─── Input records
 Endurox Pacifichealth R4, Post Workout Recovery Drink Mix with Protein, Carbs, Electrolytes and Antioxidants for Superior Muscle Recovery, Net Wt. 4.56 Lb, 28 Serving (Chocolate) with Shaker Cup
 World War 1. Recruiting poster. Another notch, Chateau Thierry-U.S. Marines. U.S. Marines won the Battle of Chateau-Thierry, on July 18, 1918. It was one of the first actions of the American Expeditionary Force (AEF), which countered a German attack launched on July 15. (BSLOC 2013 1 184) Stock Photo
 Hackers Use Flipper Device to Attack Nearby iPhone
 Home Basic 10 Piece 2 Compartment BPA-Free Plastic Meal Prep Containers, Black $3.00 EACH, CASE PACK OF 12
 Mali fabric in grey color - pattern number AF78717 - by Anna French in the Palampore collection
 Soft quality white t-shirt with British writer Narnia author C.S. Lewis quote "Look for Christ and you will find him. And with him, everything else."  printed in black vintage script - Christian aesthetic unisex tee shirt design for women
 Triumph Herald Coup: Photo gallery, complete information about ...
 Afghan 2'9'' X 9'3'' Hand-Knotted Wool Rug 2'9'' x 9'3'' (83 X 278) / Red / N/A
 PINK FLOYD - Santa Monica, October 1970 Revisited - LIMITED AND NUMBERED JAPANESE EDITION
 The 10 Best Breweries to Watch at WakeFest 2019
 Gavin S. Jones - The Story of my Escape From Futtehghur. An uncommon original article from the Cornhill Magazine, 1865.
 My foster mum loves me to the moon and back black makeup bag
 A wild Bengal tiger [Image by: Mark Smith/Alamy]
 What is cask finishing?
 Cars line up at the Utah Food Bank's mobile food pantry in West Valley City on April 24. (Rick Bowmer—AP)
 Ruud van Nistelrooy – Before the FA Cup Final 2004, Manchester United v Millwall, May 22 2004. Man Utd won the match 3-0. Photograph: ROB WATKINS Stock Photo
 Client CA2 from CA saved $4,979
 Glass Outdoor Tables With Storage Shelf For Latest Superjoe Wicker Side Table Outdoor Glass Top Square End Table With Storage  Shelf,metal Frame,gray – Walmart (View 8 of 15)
──────
Retype the whole listing, matching it exactly.

 Endurox Pacifichealth R4, Post Workout Recovery Drink Mix with Protein, Carbs, Electrolytes and Antioxidants for Superior Muscle Recovery, Net Wt. 4.56 Lb, 28 Serving (Chocolate) with Shaker Cup
 World War 1. Recruiting poster. Another notch, Chateau Thierry-U.S. Marines. U.S. Marines won the Battle of Chateau-Thierry, on July 18, 1918. It was one of the first actions of the American Expeditionary Force (AEF), which countered a German attack launched on July 15. (BSLOC 2013 1 184) Stock Photo
 Hackers Use Flipper Device to Attack Nearby iPhone
 Home Basic 10 Piece 2 Compartment BPA-Free Plastic Meal Prep Containers, Black $3.00 EACH, CASE PACK OF 12
 Mali fabric in grey color - pattern number AF78717 - by Anna French in the Palampore collection
 Soft quality white t-shirt with British writer Narnia author C.S. Lewis quote "Look for Christ and you will find him. And with him, everything else."  printed in black vintage script - Christian aesthetic unisex tee shirt design for women
 Triumph Herald Coup: Photo gallery, complete information about ...
 Afghan 2'9'' X 9'3'' Hand-Knotted Wool Rug 2'9'' x 9'3'' (83 X 278) / Red / N/A
 PINK FLOYD - Santa Monica, October 1970 Revisited - LIMITED AND NUMBERED JAPANESE EDITION
 The 10 Best Breweries to Watch at WakeFest 2019
 Gavin S. Jones - The Story of my Escape From Futtehghur. An uncommon original article from the Cornhill Magazine, 1865.
 My foster mum loves me to the moon and back black makeup bag
 A wild Bengal tiger [Image by: Mark Smith/Alamy]
 What is cask finishing?
 Cars line up at the Utah Food Bank's mobile food pantry in West Valley City on April 24. (Rick Bowmer—AP)
 Ruud van Nistelrooy – Before the FA Cup Final 2004, Manchester United v Millwall, May 22 2004. Man Utd won the match 3-0. Photograph: ROB WATKINS Stock Photo
 Client CA2 from CA saved $4,979
 Glass Outdoor Tables With Storage Shelf For Latest Superjoe Wicker Side Table Outdoor Glass Top Square End Table With Storage  Shelf,metal Frame,gray – Walmart (View 8 of 15)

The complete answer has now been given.